(AVAILABLE DATA):
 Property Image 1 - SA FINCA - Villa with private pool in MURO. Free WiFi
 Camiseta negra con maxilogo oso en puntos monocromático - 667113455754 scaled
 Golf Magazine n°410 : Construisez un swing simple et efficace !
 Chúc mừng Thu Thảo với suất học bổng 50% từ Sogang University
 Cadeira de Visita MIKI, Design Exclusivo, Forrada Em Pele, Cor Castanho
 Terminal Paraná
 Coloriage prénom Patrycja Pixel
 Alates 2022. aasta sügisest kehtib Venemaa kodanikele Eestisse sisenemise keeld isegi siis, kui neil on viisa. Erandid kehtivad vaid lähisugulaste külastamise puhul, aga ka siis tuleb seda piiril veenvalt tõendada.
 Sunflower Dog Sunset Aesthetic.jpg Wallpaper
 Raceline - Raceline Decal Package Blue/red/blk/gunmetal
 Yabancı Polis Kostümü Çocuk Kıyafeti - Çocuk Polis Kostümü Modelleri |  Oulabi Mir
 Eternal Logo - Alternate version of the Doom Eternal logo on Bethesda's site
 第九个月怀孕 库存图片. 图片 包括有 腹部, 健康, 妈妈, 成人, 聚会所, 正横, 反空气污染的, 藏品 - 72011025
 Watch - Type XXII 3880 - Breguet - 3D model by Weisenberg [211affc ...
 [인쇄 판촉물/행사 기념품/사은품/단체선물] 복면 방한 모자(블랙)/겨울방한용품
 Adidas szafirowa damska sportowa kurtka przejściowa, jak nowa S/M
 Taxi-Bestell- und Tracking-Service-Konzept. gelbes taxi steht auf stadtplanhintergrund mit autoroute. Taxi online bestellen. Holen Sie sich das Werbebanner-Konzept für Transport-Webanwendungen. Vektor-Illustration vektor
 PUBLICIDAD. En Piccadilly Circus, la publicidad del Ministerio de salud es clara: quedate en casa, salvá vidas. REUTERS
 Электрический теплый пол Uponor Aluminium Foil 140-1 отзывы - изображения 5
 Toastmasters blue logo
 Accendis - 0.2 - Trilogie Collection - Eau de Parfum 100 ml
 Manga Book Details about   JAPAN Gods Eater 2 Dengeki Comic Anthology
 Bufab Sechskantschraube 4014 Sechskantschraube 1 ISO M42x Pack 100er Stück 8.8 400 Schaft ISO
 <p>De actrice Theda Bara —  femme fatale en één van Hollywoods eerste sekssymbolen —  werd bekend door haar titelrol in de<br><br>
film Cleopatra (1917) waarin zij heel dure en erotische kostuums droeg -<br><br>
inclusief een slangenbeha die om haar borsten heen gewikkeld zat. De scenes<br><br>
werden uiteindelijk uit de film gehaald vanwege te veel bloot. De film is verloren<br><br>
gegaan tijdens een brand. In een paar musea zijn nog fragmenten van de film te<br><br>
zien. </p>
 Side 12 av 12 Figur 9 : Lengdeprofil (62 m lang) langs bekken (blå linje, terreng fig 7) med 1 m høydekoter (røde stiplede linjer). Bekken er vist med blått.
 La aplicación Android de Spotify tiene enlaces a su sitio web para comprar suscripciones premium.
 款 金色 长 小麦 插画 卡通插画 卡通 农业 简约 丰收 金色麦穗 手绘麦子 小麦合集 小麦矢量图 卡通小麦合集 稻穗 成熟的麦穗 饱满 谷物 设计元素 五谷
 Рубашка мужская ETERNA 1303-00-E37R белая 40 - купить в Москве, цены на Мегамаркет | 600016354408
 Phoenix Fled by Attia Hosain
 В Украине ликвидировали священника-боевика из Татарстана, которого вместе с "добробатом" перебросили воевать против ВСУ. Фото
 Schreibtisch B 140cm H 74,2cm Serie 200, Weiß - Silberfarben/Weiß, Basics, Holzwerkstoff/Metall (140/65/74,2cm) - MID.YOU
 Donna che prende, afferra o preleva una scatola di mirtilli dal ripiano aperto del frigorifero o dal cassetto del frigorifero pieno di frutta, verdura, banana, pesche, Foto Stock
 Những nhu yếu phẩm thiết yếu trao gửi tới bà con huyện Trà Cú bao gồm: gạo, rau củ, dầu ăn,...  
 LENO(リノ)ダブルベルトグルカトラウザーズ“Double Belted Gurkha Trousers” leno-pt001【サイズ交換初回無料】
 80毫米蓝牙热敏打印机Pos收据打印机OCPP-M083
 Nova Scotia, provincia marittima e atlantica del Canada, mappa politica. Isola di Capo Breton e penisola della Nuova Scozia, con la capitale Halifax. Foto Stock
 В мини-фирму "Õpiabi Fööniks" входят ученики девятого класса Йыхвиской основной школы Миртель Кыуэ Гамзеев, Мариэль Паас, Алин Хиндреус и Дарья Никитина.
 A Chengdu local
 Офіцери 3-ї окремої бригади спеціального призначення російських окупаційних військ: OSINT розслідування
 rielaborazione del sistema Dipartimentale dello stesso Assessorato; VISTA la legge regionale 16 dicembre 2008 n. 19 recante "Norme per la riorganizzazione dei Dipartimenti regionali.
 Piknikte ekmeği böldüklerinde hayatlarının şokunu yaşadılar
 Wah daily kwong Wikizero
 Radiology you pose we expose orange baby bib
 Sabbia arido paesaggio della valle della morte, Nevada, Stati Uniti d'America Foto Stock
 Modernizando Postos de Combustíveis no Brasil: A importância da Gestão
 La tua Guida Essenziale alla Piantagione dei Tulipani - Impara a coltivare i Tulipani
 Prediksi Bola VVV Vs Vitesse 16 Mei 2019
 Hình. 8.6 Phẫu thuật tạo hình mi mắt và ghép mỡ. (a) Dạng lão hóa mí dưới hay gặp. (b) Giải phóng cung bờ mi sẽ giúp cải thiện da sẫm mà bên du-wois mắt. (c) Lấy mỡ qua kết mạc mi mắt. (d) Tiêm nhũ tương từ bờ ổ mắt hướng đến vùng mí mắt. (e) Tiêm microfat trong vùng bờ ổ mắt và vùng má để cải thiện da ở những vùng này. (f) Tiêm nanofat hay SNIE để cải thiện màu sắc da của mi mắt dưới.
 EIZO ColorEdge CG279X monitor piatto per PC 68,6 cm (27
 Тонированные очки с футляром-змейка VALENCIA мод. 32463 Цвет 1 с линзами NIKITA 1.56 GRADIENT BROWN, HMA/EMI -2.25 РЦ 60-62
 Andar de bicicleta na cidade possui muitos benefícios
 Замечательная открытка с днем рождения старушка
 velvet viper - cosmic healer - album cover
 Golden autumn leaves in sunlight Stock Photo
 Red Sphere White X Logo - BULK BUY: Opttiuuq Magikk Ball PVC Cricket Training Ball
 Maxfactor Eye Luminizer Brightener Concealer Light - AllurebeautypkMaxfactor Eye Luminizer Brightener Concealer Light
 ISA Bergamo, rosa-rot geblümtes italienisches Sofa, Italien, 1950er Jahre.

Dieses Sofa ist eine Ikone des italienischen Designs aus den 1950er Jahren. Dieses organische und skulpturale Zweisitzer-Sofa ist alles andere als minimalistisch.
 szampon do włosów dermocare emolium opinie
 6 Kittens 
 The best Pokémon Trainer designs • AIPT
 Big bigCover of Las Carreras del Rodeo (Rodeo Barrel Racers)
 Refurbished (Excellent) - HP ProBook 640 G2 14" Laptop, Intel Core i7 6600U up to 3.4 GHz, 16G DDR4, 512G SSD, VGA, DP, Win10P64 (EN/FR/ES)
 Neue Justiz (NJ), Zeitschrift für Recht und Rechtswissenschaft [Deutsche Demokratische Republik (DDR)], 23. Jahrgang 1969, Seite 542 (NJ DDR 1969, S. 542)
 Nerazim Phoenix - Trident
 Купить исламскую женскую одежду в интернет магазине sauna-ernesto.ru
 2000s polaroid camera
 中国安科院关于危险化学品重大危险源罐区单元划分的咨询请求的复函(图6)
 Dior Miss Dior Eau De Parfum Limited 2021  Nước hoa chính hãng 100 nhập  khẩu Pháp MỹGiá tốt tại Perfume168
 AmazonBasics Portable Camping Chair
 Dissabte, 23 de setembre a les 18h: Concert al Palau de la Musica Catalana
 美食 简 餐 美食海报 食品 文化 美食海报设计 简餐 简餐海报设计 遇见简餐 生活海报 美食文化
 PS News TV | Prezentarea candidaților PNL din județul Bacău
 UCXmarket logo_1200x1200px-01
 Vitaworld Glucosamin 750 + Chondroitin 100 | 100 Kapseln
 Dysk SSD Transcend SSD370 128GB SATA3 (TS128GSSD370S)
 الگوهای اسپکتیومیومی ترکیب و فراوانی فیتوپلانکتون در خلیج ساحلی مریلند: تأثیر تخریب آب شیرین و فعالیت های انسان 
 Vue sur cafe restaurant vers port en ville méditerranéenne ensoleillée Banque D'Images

(TASK STATEMENT):
Print exactly the lines of the listing above starting at the line containing "Chúc mừng Thu" and ending at the line containing "Adidas szafirowa damska", both included.

(WRITTEN ANSWER):
 Chúc mừng Thu Thảo với suất học bổng 50% từ Sogang University
 Cadeira de Visita MIKI, Design Exclusivo, Forrada Em Pele, Cor Castanho
 Terminal Paraná
 Coloriage prénom Patrycja Pixel
 Alates 2022. aasta sügisest kehtib Venemaa kodanikele Eestisse sisenemise keeld isegi siis, kui neil on viisa. Erandid kehtivad vaid lähisugulaste külastamise puhul, aga ka siis tuleb seda piiril veenvalt tõendada.
 Sunflower Dog Sunset Aesthetic.jpg Wallpaper
 Raceline - Raceline Decal Package Blue/red/blk/gunmetal
 Yabancı Polis Kostümü Çocuk Kıyafeti - Çocuk Polis Kostümü Modelleri |  Oulabi Mir
 Eternal Logo - Alternate version of the Doom Eternal logo on Bethesda's site
 第九个月怀孕 库存图片. 图片 包括有 腹部, 健康, 妈妈, 成人, 聚会所, 正横, 反空气污染的, 藏品 - 72011025
 Watch - Type XXII 3880 - Breguet - 3D model by Weisenberg [211affc ...
 [인쇄 판촉물/행사 기념품/사은품/단체선물] 복면 방한 모자(블랙)/겨울방한용품
 Adidas szafirowa damska sportowa kurtka przejściowa, jak nowa S/M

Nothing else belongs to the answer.